Phoenix industries, which participated with Tate Snyder Kimsey, Brock Racing Enterprises, Sable Systems and Pictographics in the most recent ExporTech training, is no exception.

“Our goal is to export our products to Brazil and Mexico,” said Frederico Bastos, sales manager with Phoenix Industries, a waste tire recycling and asphalt rubber paving company based in North Las Vegas. On Tuesday, Phoenix Industries shipped its first container of asphalt paving equipment to Brazil.

Culp said each company was at a different stage of doing business overseas — from beginner to advanced — when the three-month program began in February.

“We are a technology company that recycles tires turning it into asphalt rubber for roadways,” Bastos told about 50 attendees on April 17.

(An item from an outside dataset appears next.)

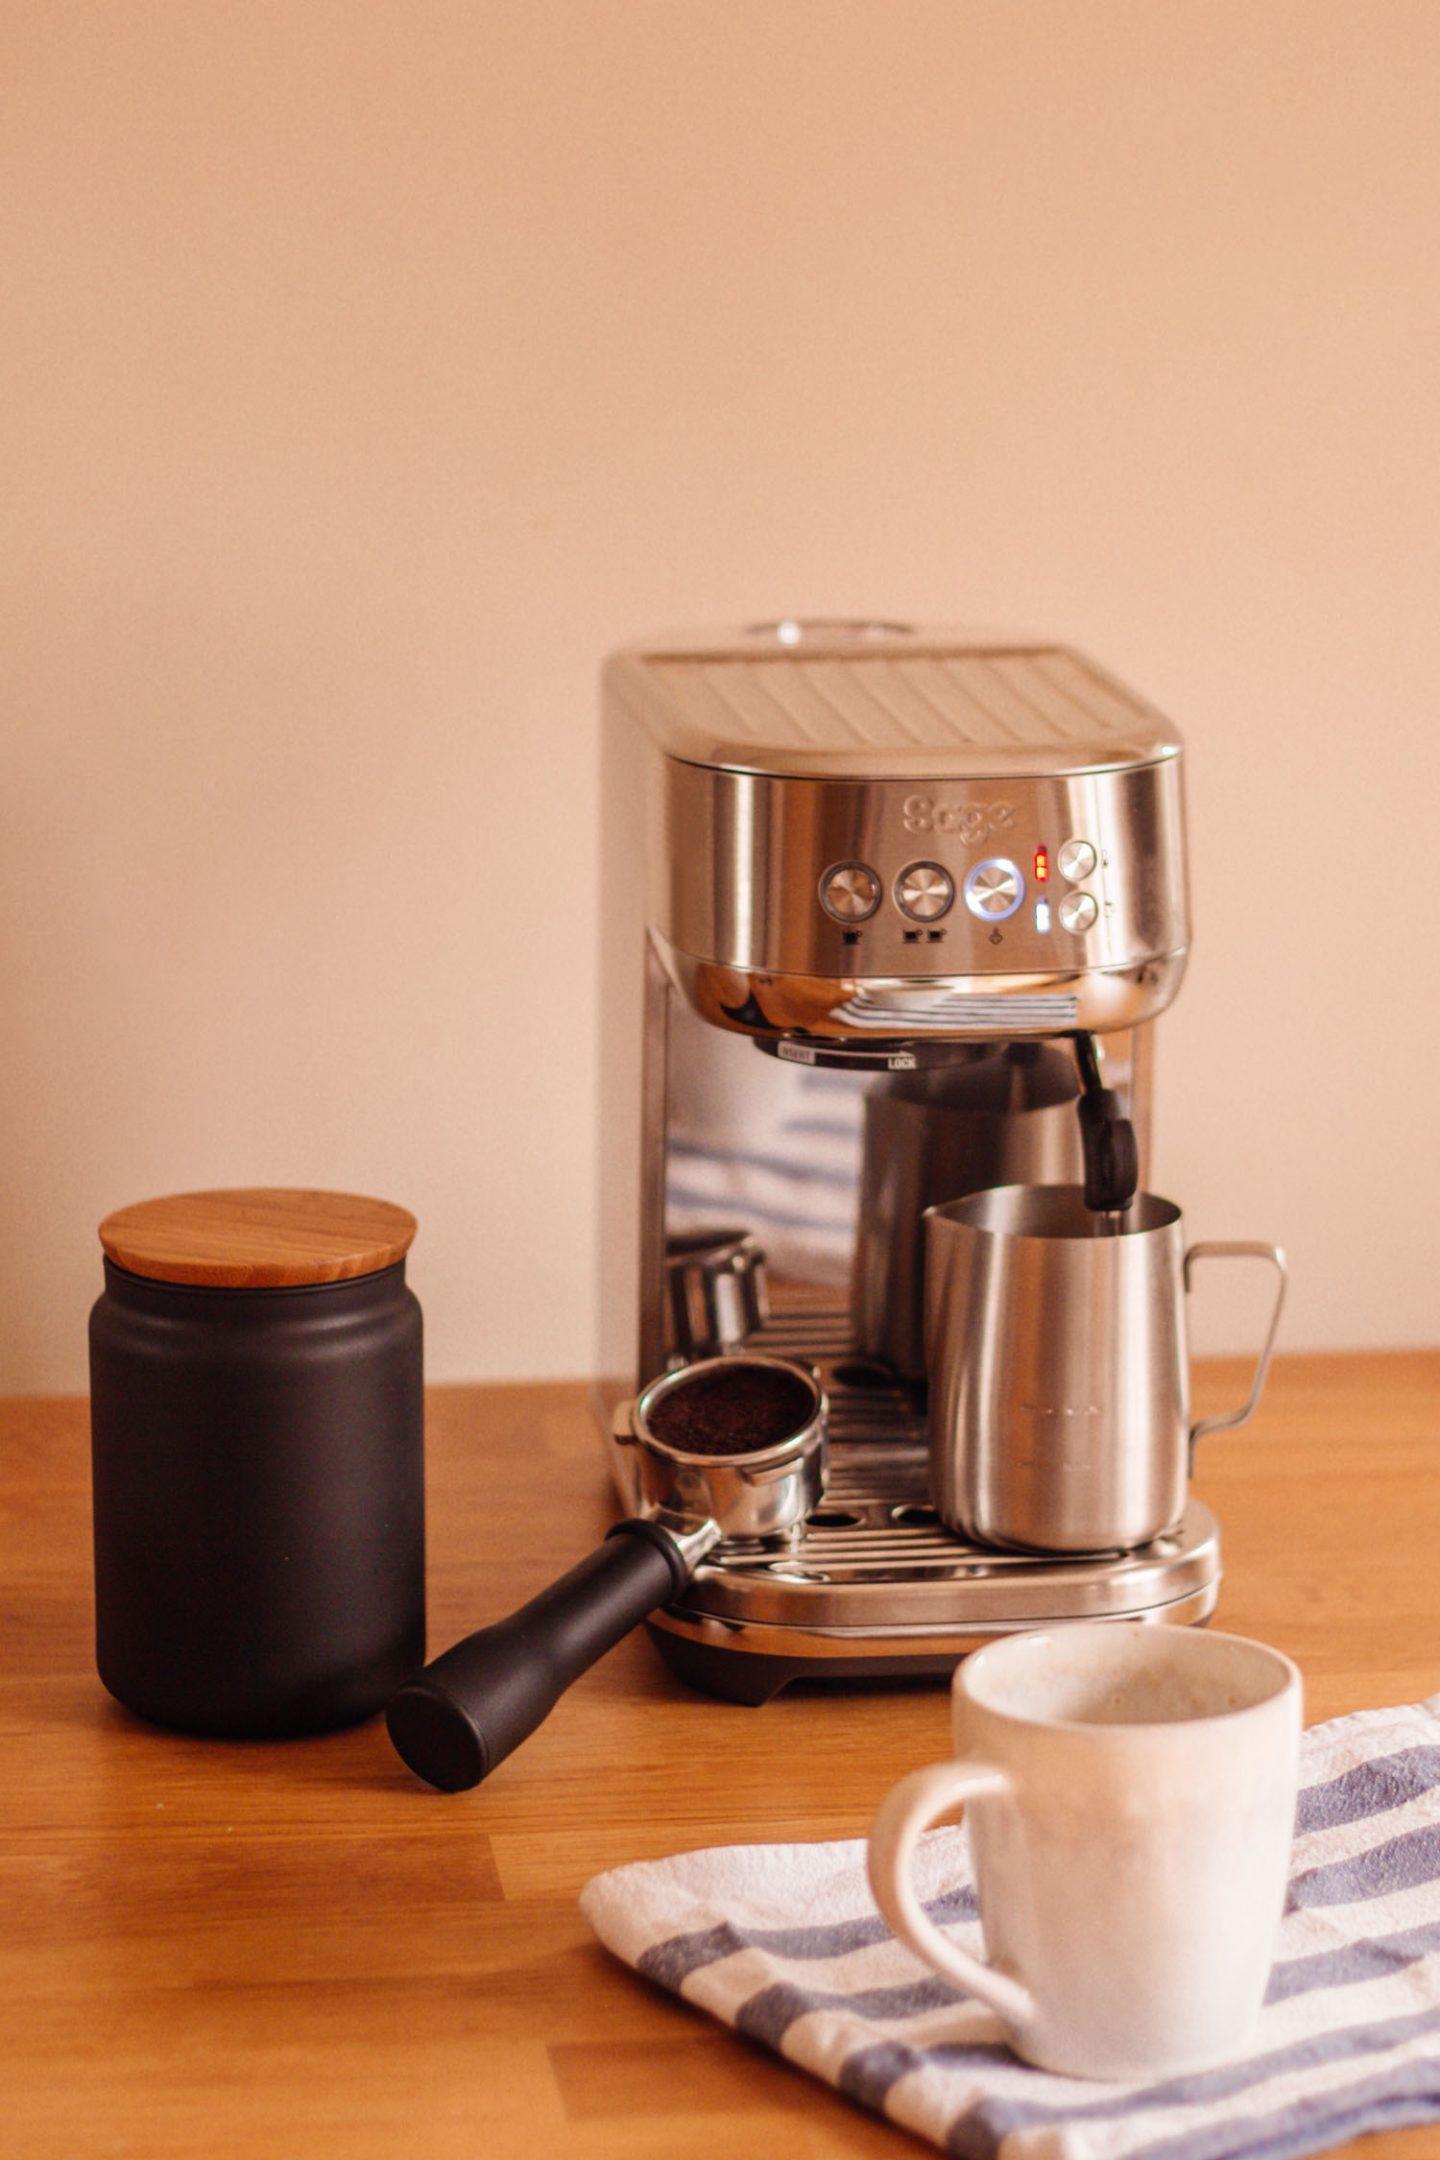 Sage Bambino Coffee Machine

“It’s a very small niche (business) that we produce a quality product for.”

He said Brazil, which is preparing for the 2014 FIFA World Cup and 2016 Rio Olympic Games, is a key market for Phoenix Industries. Bastos said the company will initially export everything from its North Las Vegas facility, but its long-term goal is to establish a facility in Brazil.

Phoenix Industries manufacturers pellets from recycled tires used to create asphalt rubber for highways, driveways, parking lots and playgrounds. The company also makes entire recycling plants and truck-mounted asphalt blending equipment.

Bastos said Phoenix Industries will attend two trade shows in Brazil this year, and is developing brochures and a website in Portuguese.

“Brazil is developing its infrastructure (for the World Cup and Olympics) making it a prime time to enter the market,” Bastos said.